*** Opening of Source material ***
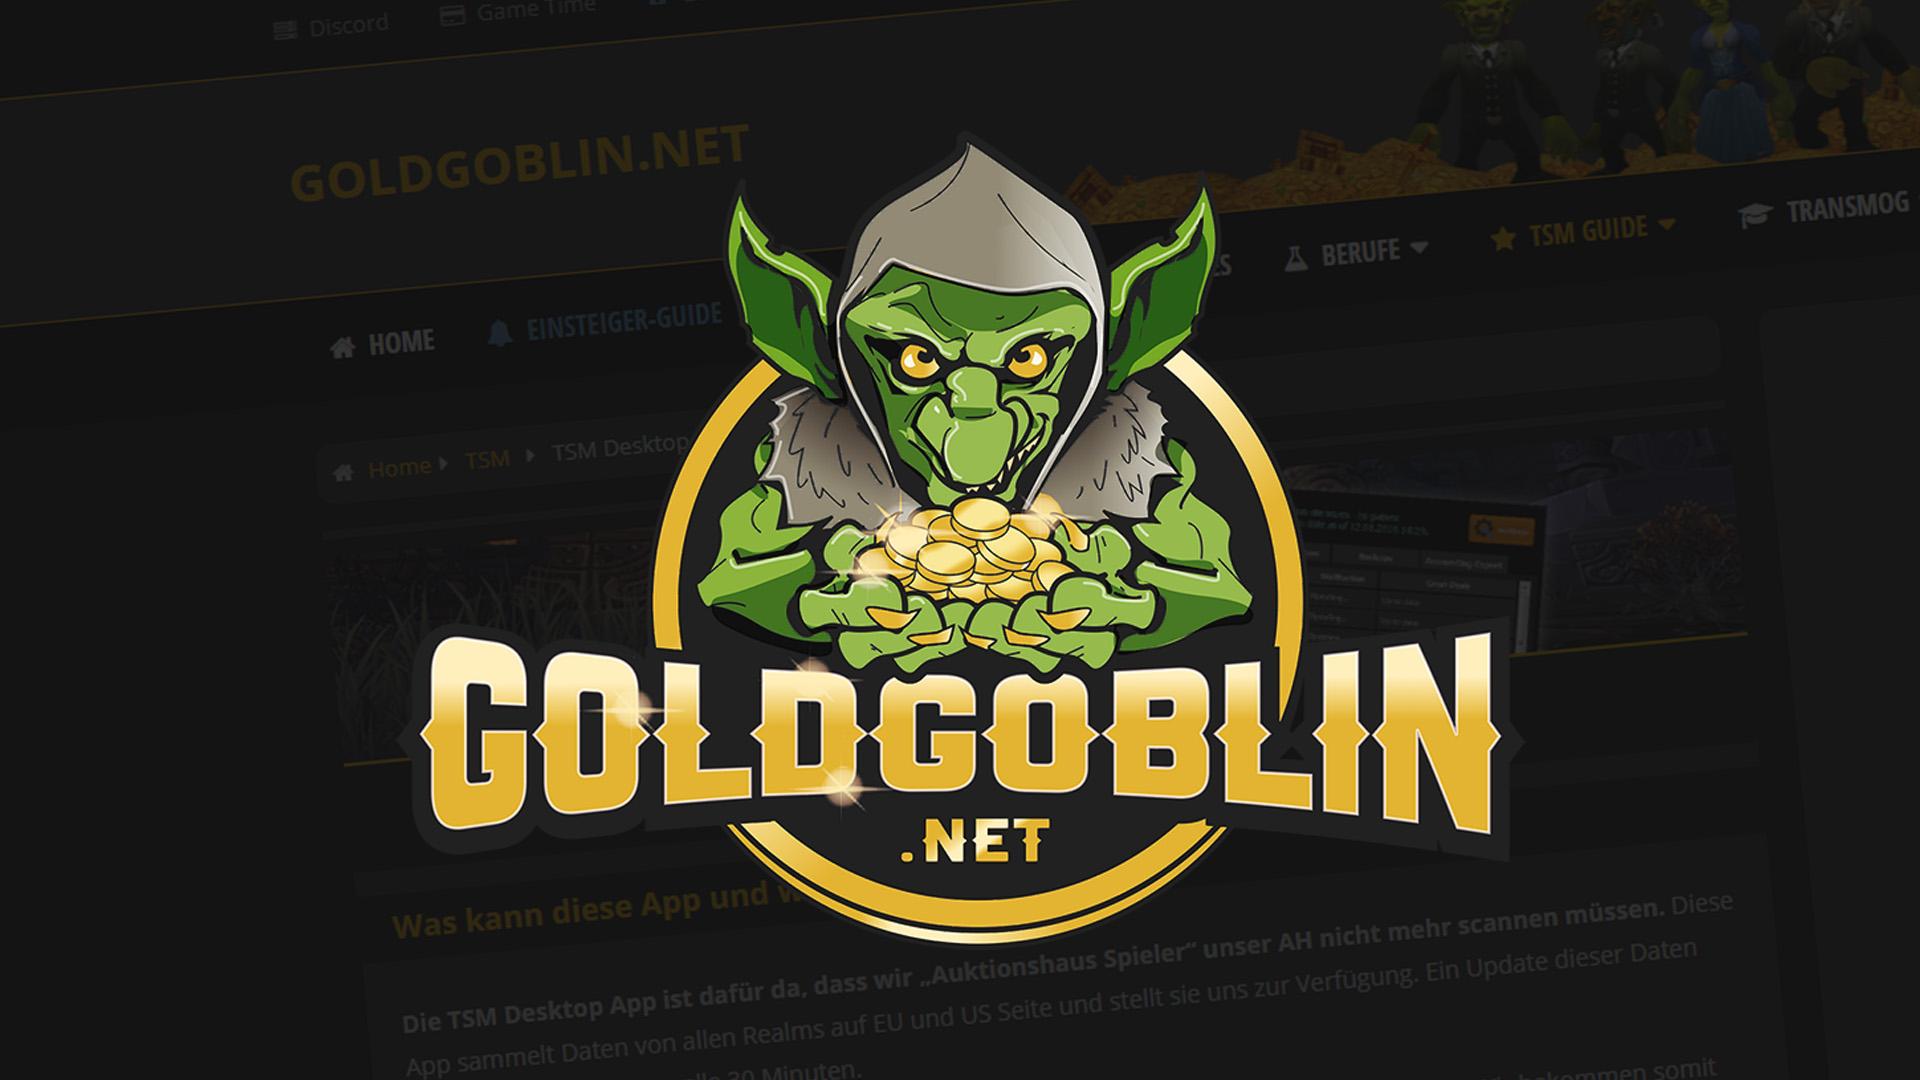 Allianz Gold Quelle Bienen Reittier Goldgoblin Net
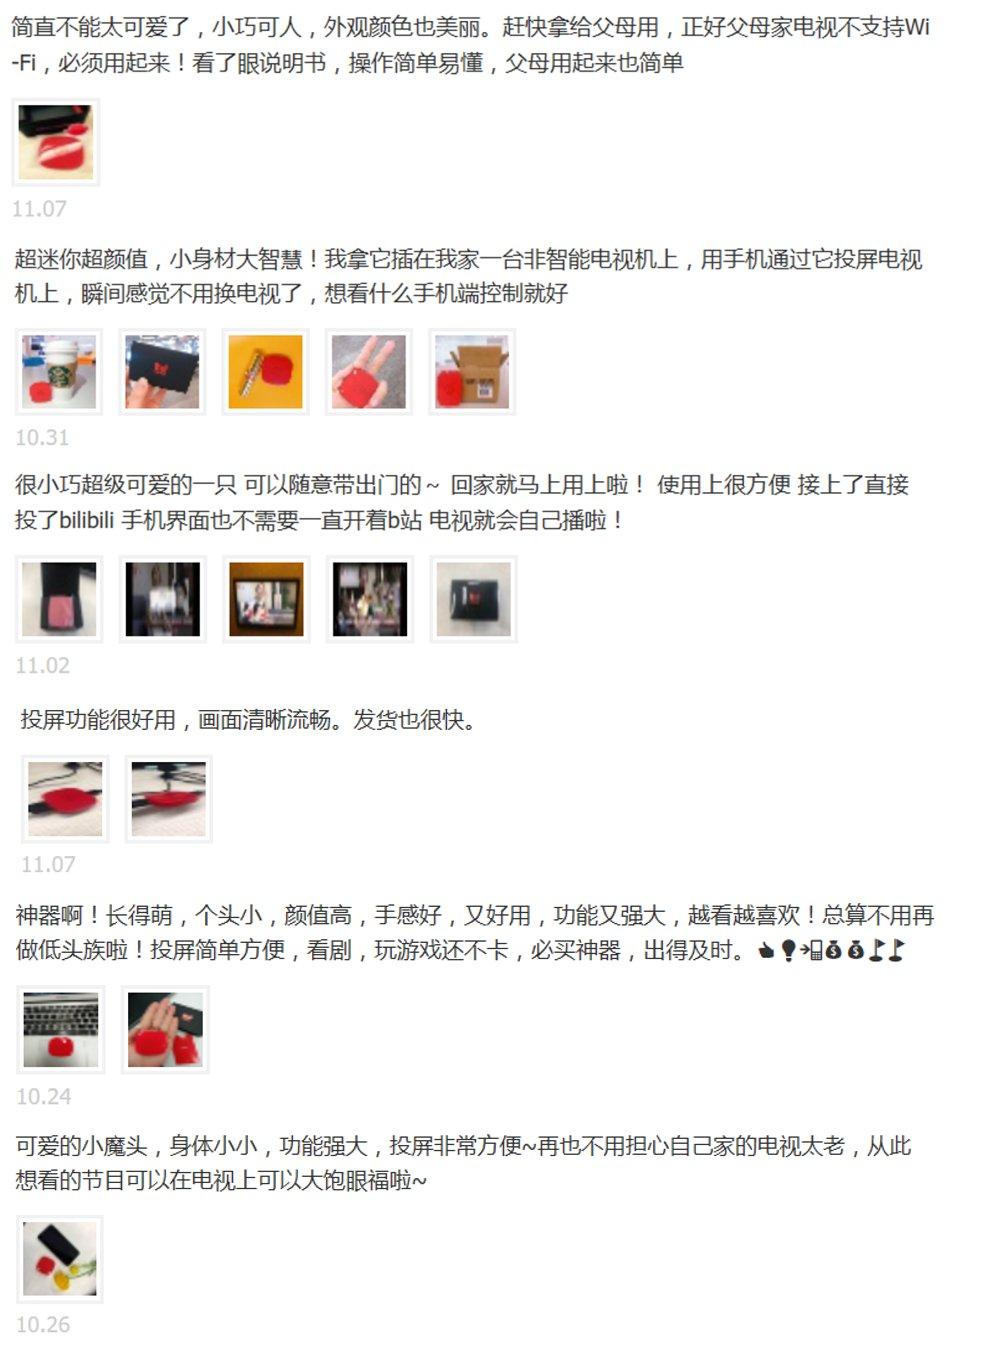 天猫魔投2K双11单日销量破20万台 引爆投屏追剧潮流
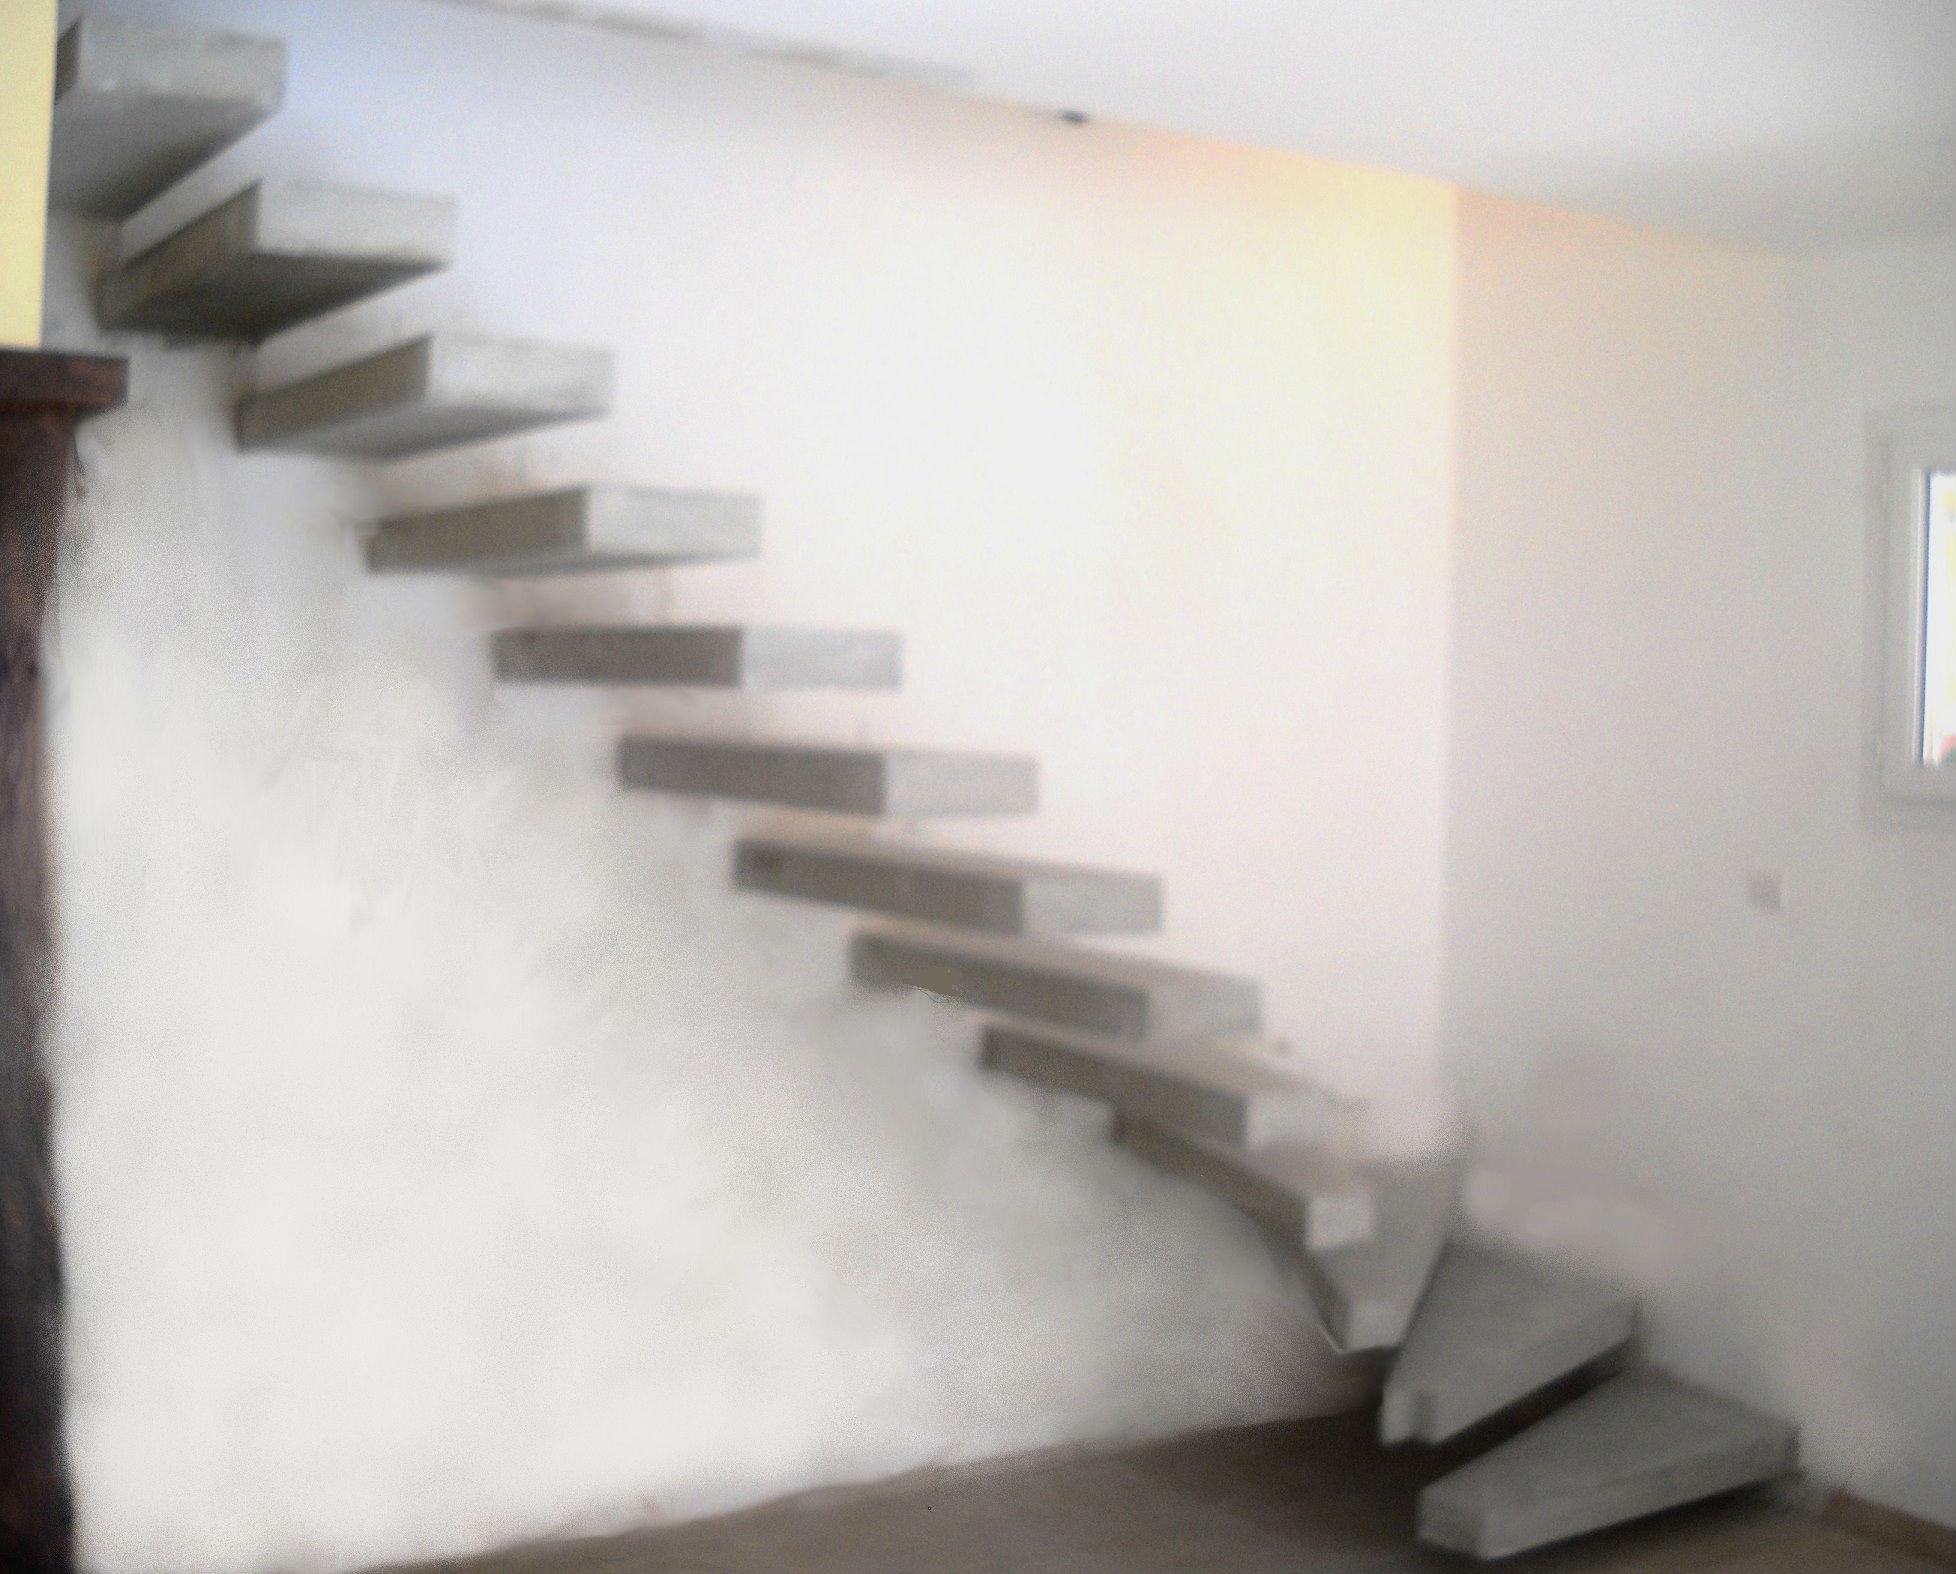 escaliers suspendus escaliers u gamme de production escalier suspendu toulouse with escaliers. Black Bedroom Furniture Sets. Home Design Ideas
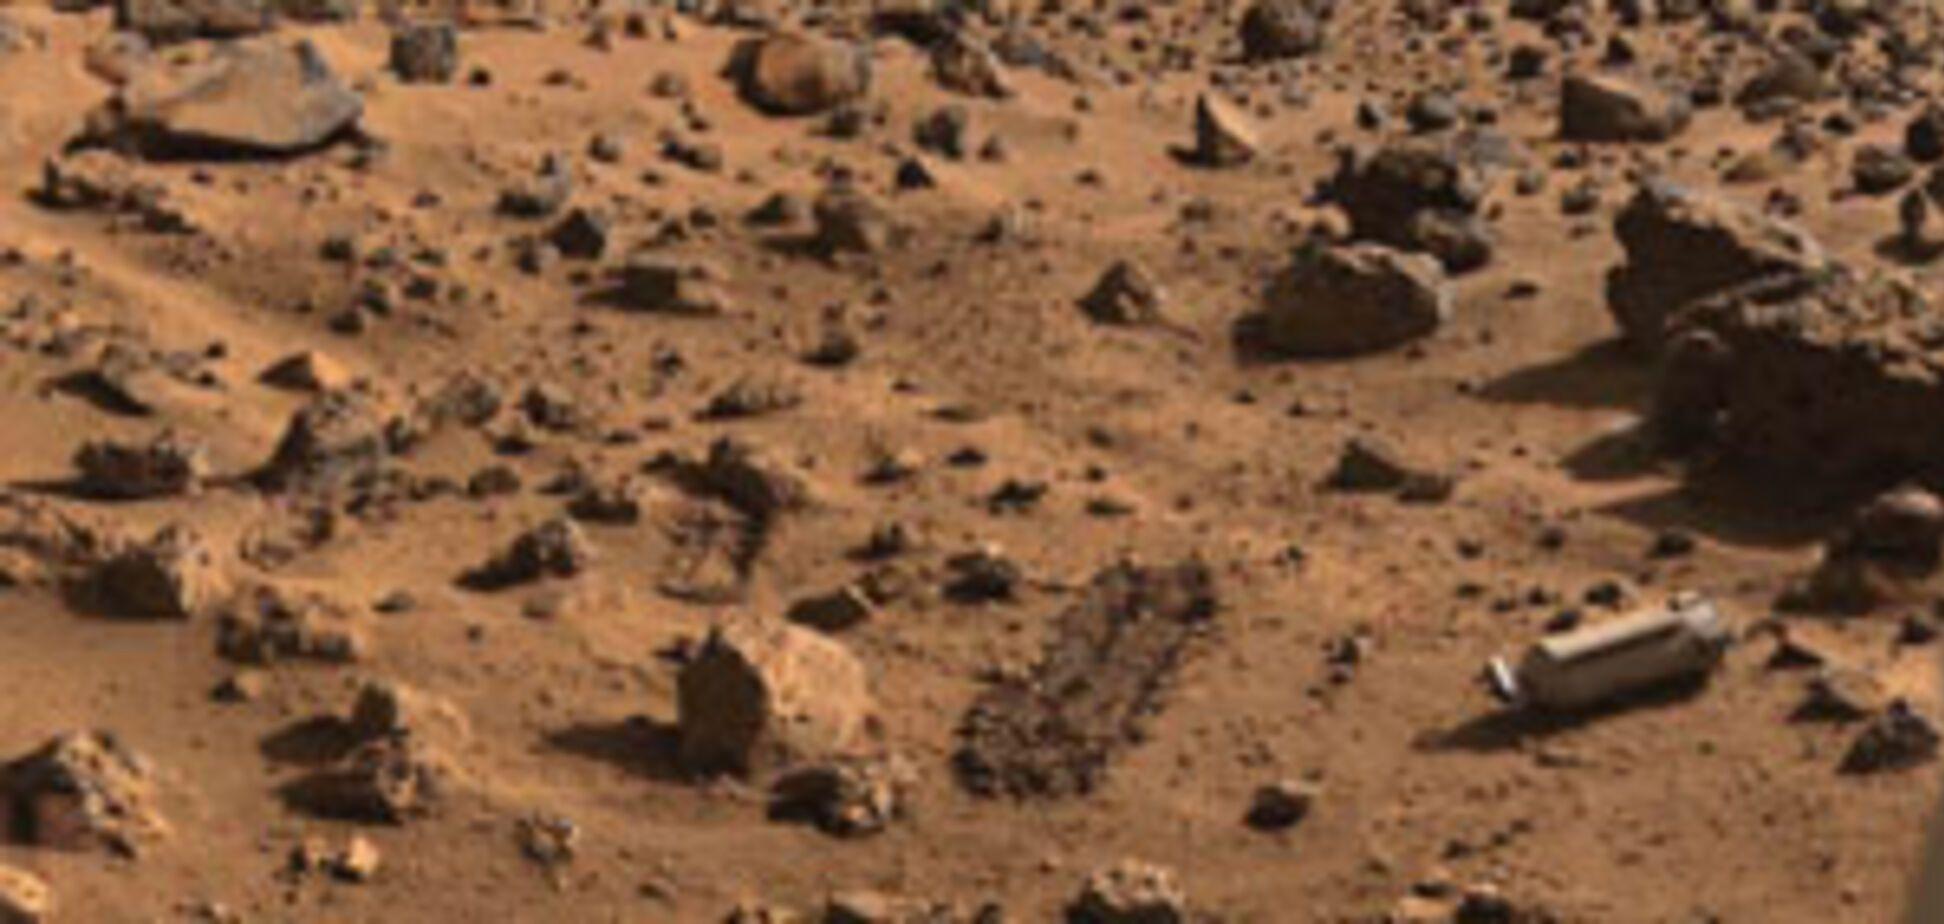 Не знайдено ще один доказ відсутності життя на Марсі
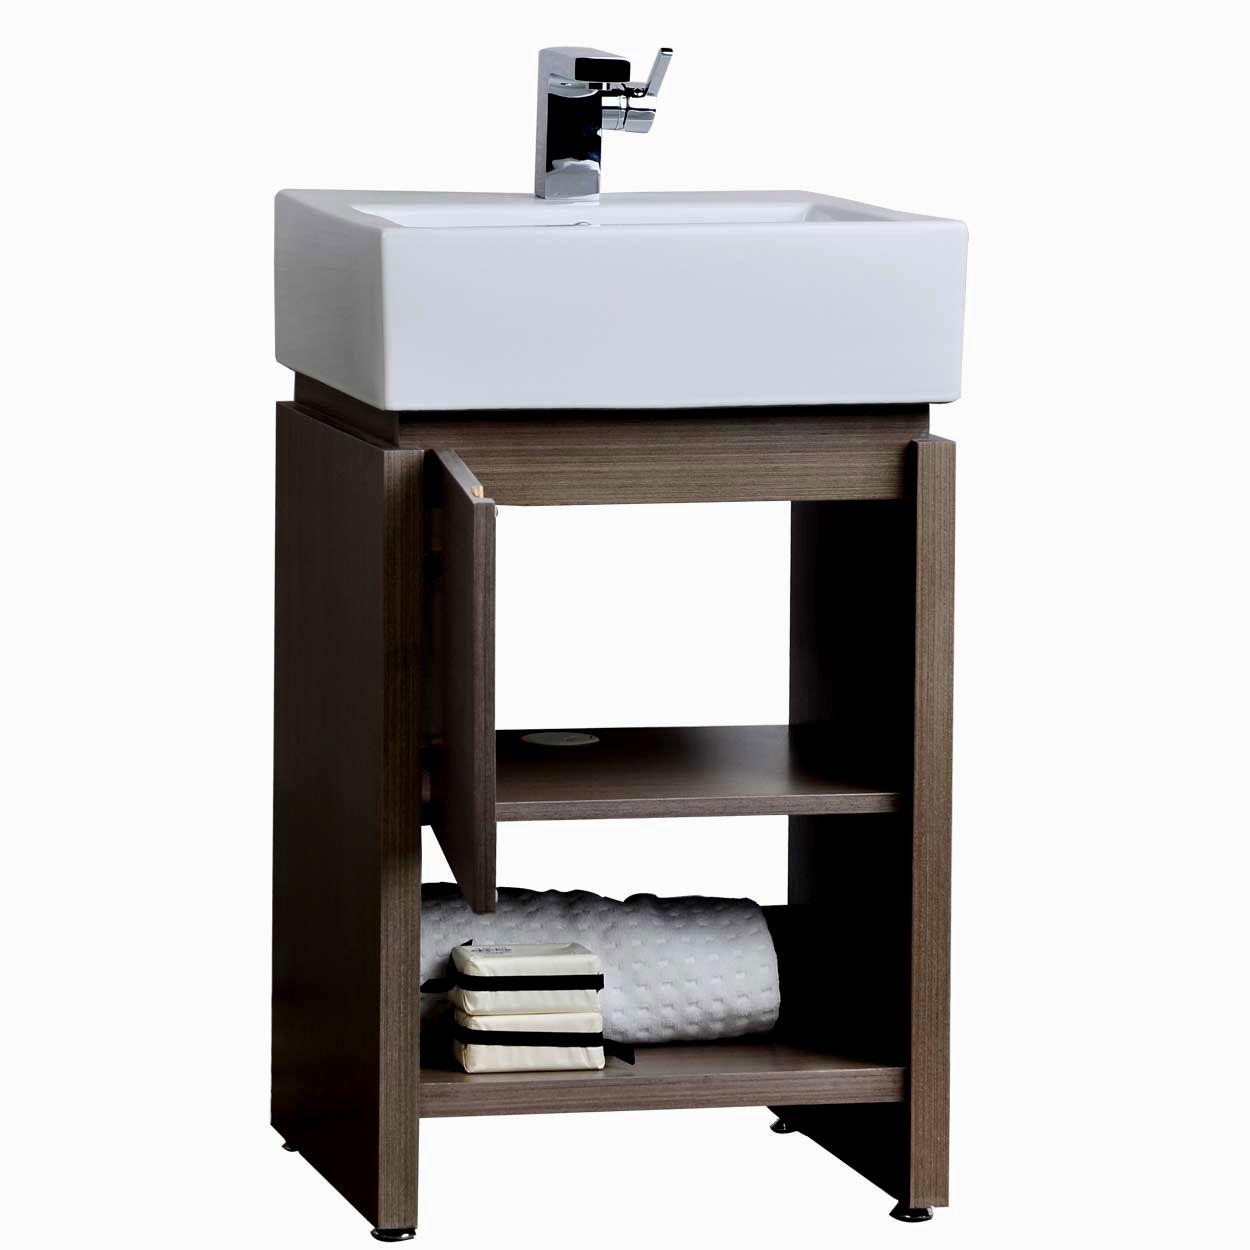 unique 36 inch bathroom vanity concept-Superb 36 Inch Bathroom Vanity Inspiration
*** Close of Source material ***
Everything from the line with "escaliers suspendus escaliers" through the final line of the material is to be returned exactly, both ends included, apart from the pictures.

 escaliers suspendus escaliers u gamme de production escalier suspendu toulouse with escaliers. Black Bedroom Furniture Sets. Home Design Ideas
 Не знайдено ще один доказ відсутності життя на Марсі
 unique 36 inch bathroom vanity concept-Superb 36 Inch Bathroom Vanity Inspiration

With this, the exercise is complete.